■ Given material:
"""
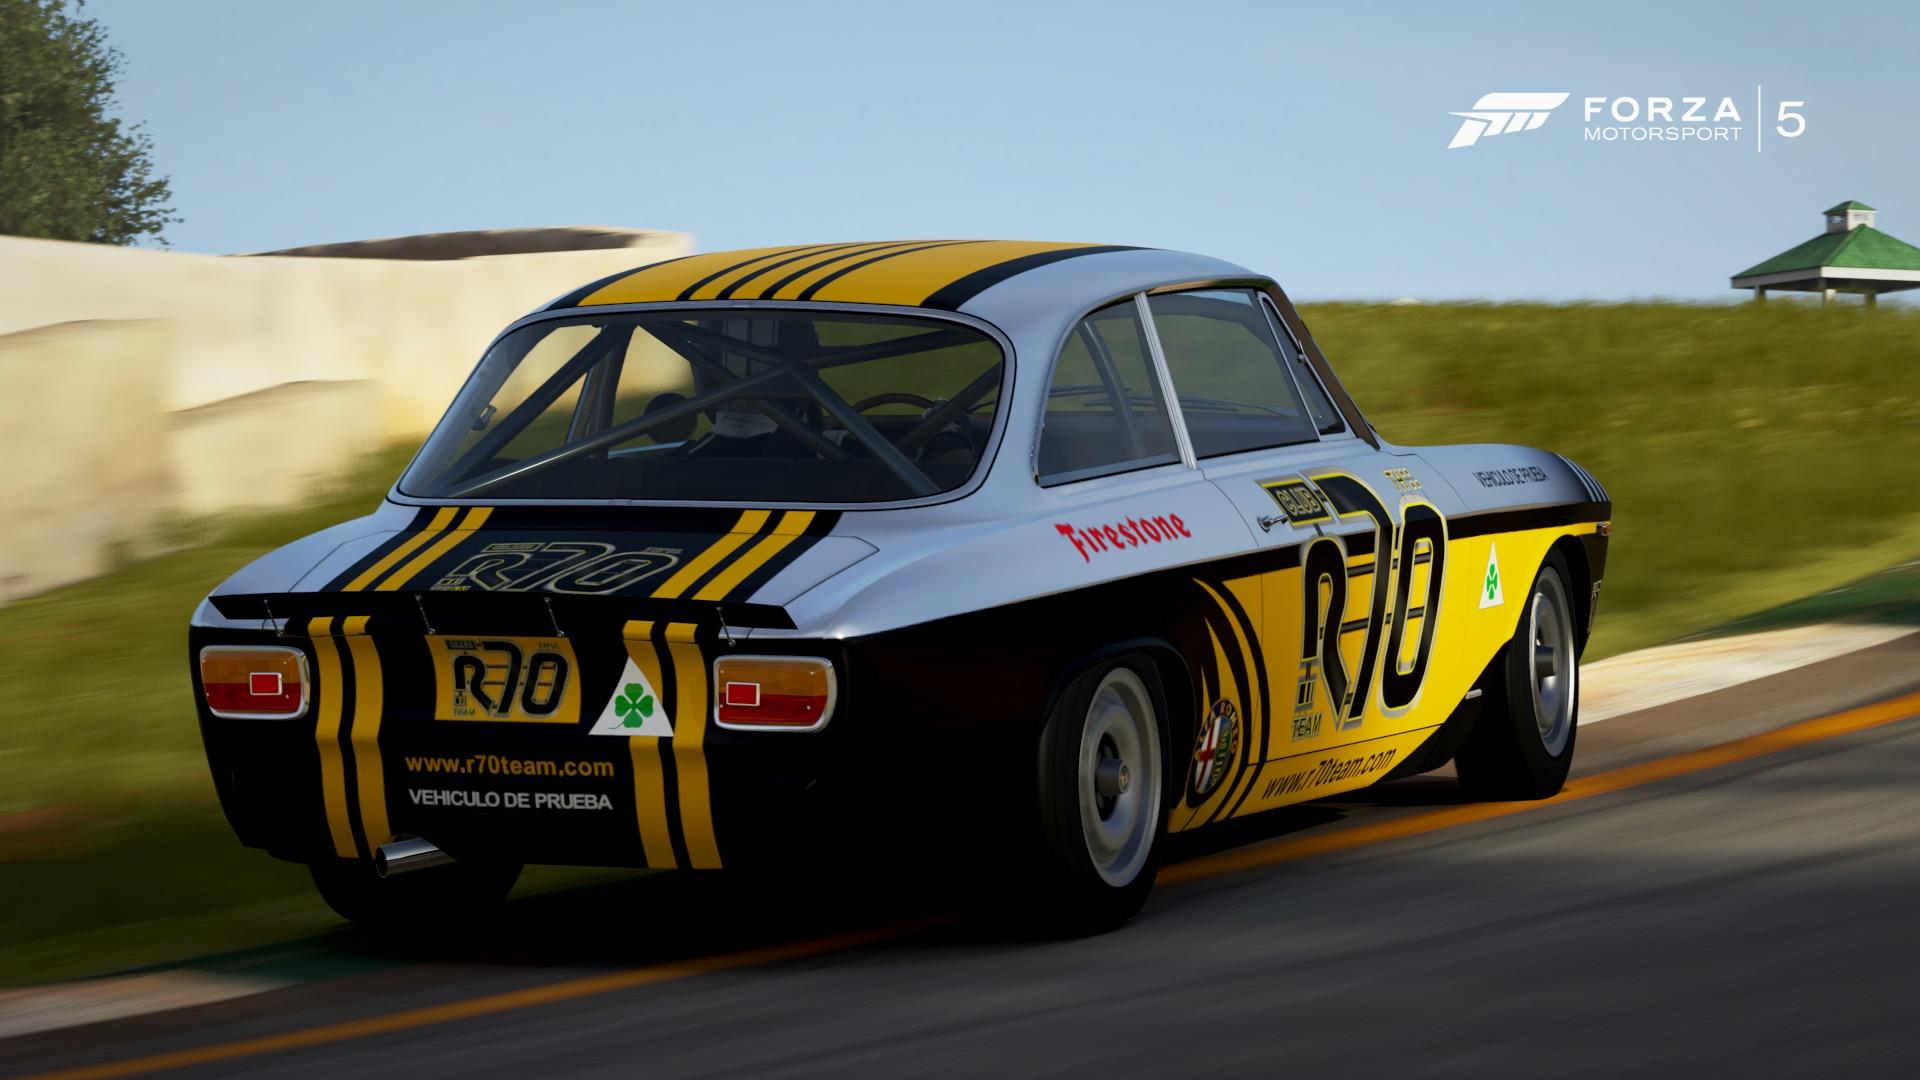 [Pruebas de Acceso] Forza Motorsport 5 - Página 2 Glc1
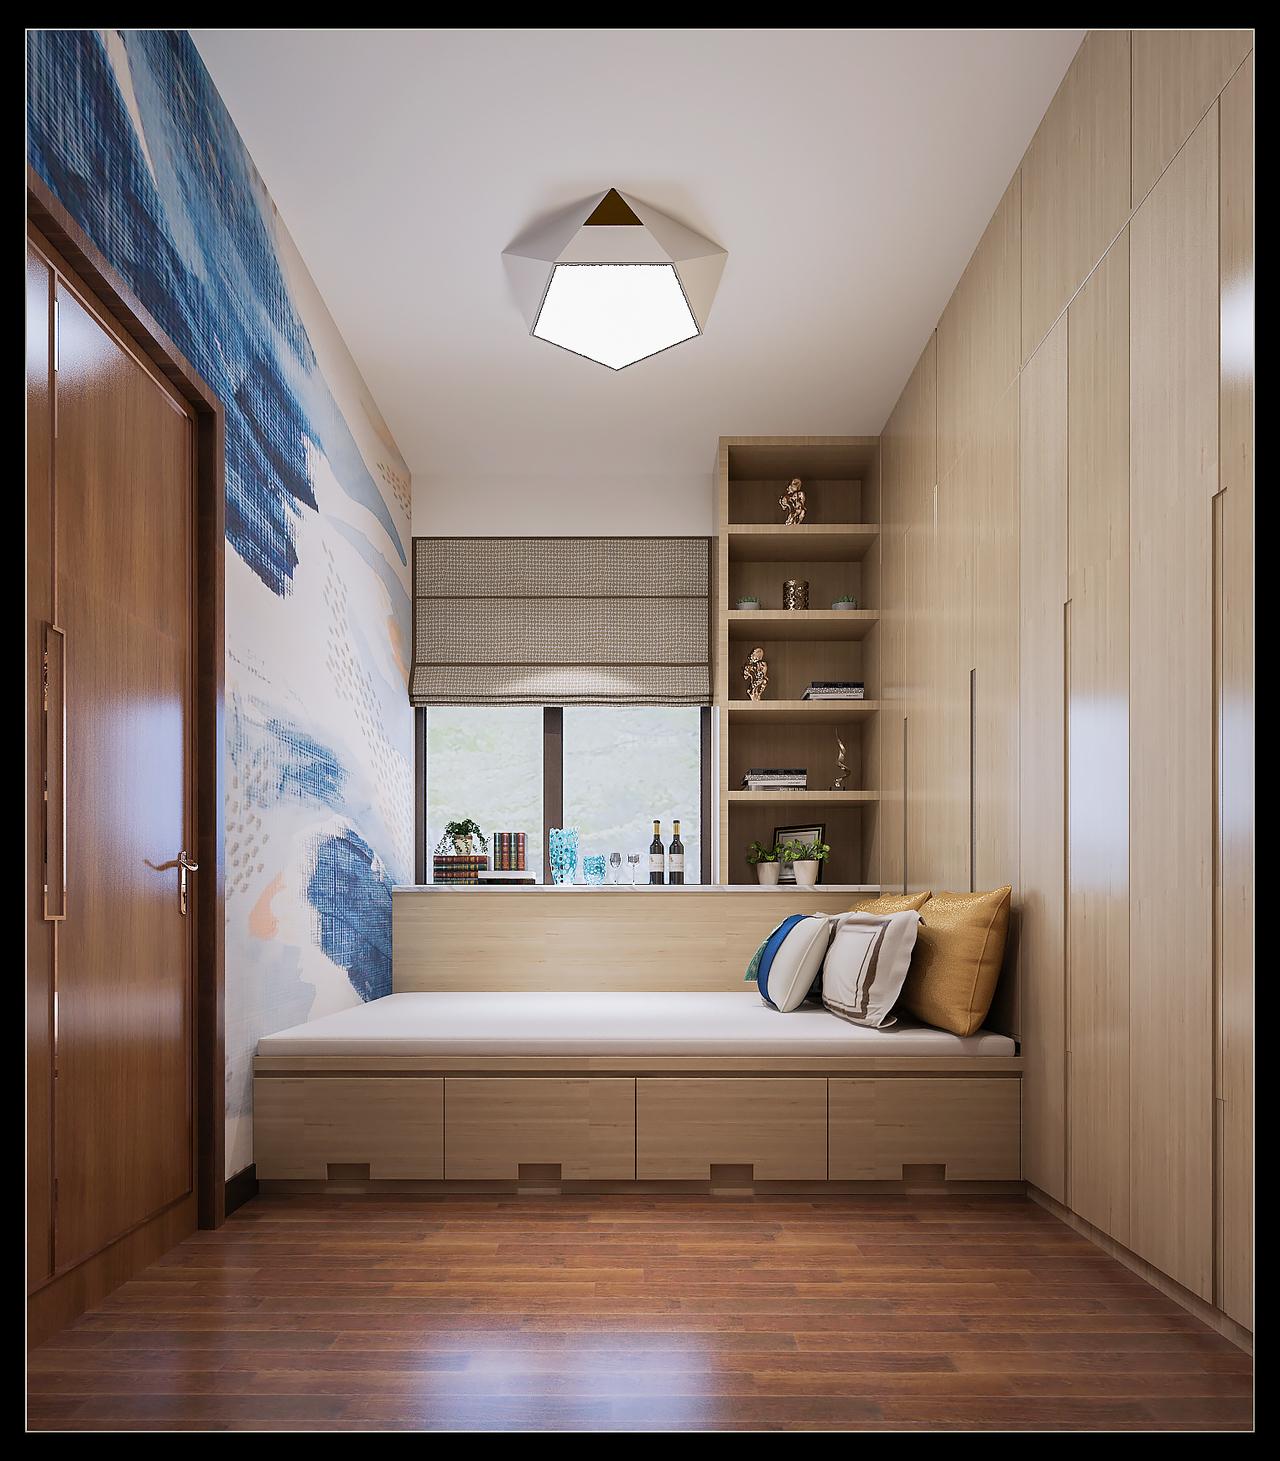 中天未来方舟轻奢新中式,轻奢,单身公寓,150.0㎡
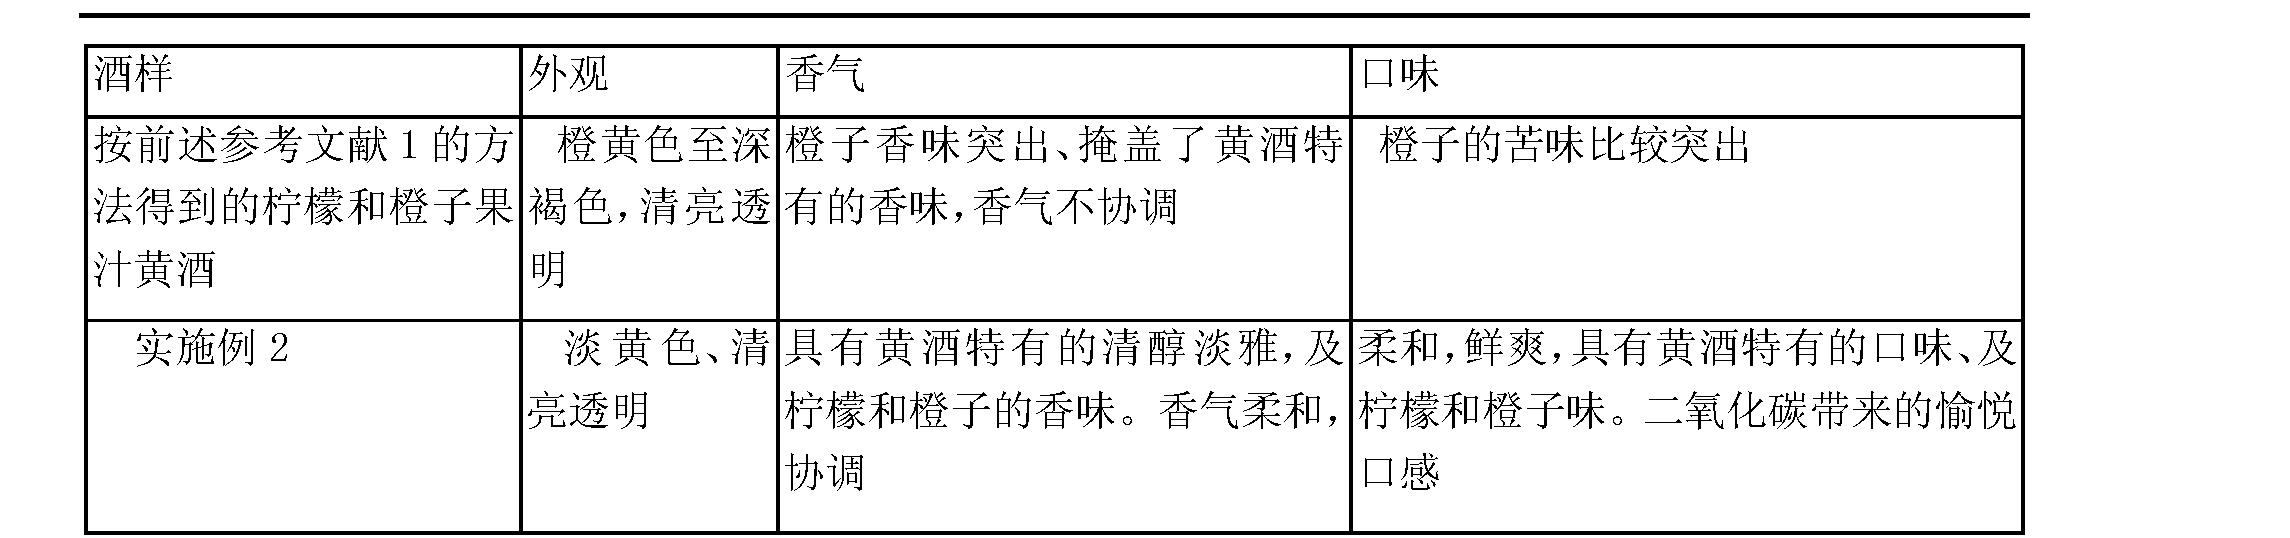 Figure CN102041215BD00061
"""
■ What the task requires: Restate each line of the material word for word, skipping any picture.

■ Task result:
 [Pruebas de Acceso] Forza Motorsport 5 - Página 2 Glc1
 中天未来方舟轻奢新中式,轻奢,单身公寓,150.0㎡
 Figure CN102041215BD00061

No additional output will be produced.